ABC News' Kirit Radia reports: Secretary of Defense Robert Gates today strongly defended a controversial memo he issued last week clamping down on how officials in the military and its civilian leadership interact with the media. Reporters have since complained that the memo, in the works before the recent Rolling Stone article that torpedoed General Stanley McChrystal’s career, could cause a chilling effect in relations with the press.
“I spent my first few months on the job telling military audiences that the press was not the enemy and that to treat it as such was counterproductive and self-defeating,” Gates told reporters at the Pentagon. “None of that has changed.”
Gates said he had received complaints from both President Bush and President Obama about “senior Defense officials, both civilian and military, speaking out inappropriately on foreign-policy issues.” He also expressed frustration at losing both McChrystal, who had led US and coalition forces in Afghanistan, and then-Centcom commander Admiral William Fallon due to remarks they made to the media in the past two years.
Gates defended the memo saying it was not altering the media engagement policy, but simply reaffirming existing practice by better coordinating media contacts.
“It reflected the fact that for some time now, long before the recent Rolling Stone article, I have grown increasingly concerned that we have become too lax, disorganized, and, in some cases, flat-out sloppy in the way we engage with the press,” Gates said.

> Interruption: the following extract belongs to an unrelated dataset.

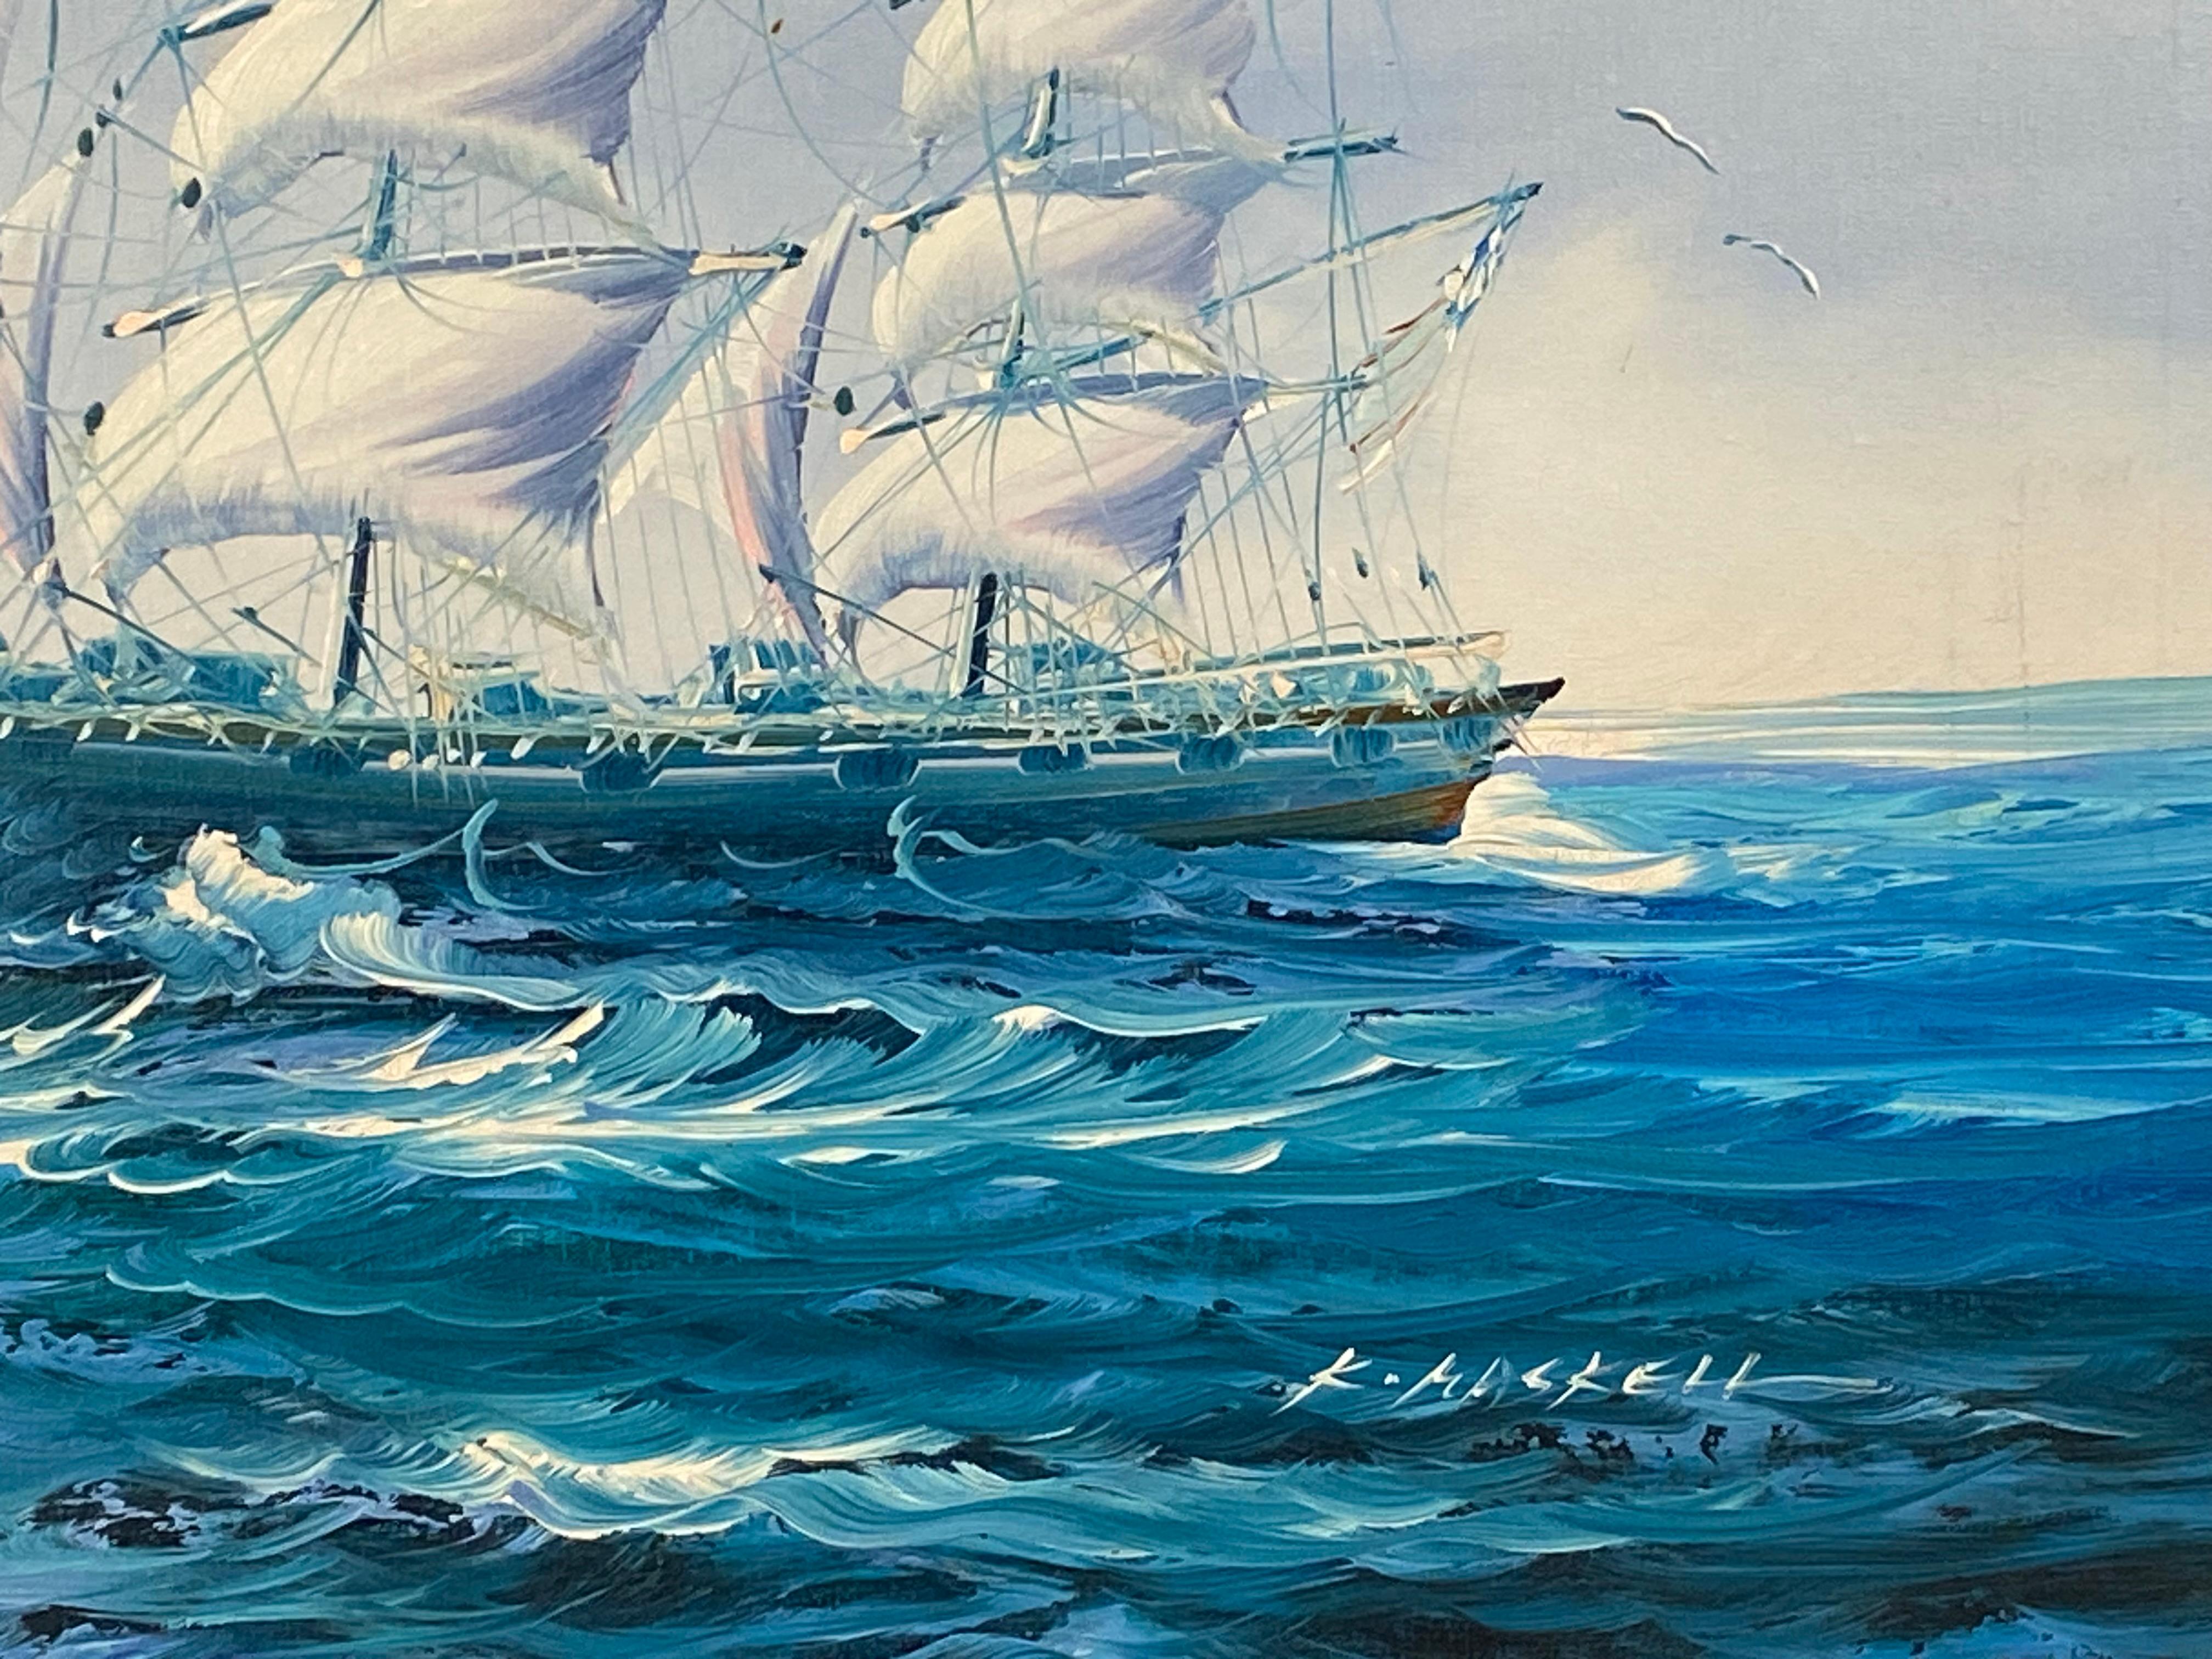 Original oil on canvas painting of a three mast clipper under full sail. Signed by the artist lower right. Condition is very good to excellent. Mild stretcher bar wear top. Circa 1980. The painting is housed in a solid oak wood frame in walnut

“As a result, personal views have been published as official government positions, and information has gone out that was inaccurate, incomplete or lacking in proper context. Reports and other documents, including on sensitive subjects, are routinely provided to the press and other elements in this town before I or the White House know anything about them. Even more worrisome, highly classified and sensitive information has been divulged without authorization or accountability. My hope and expectation is that this new guidance will improve the quality of press engagement by ensuring that the people the media talk to can speak with accuracy and authority. This should not infringe or impede the flow of accurate and timely information to you or to the public. That is not my intent, nor will I tolerate it,” he added.
“If you're a captain in a unit that has an embedded reporter, as long as you're within the guidelines and the rules, we expect you to be open with that embedded reporter. On the other hand, if you're a captain in this building, working on budget options, I expect you to keep your mouth shut,” Gates said.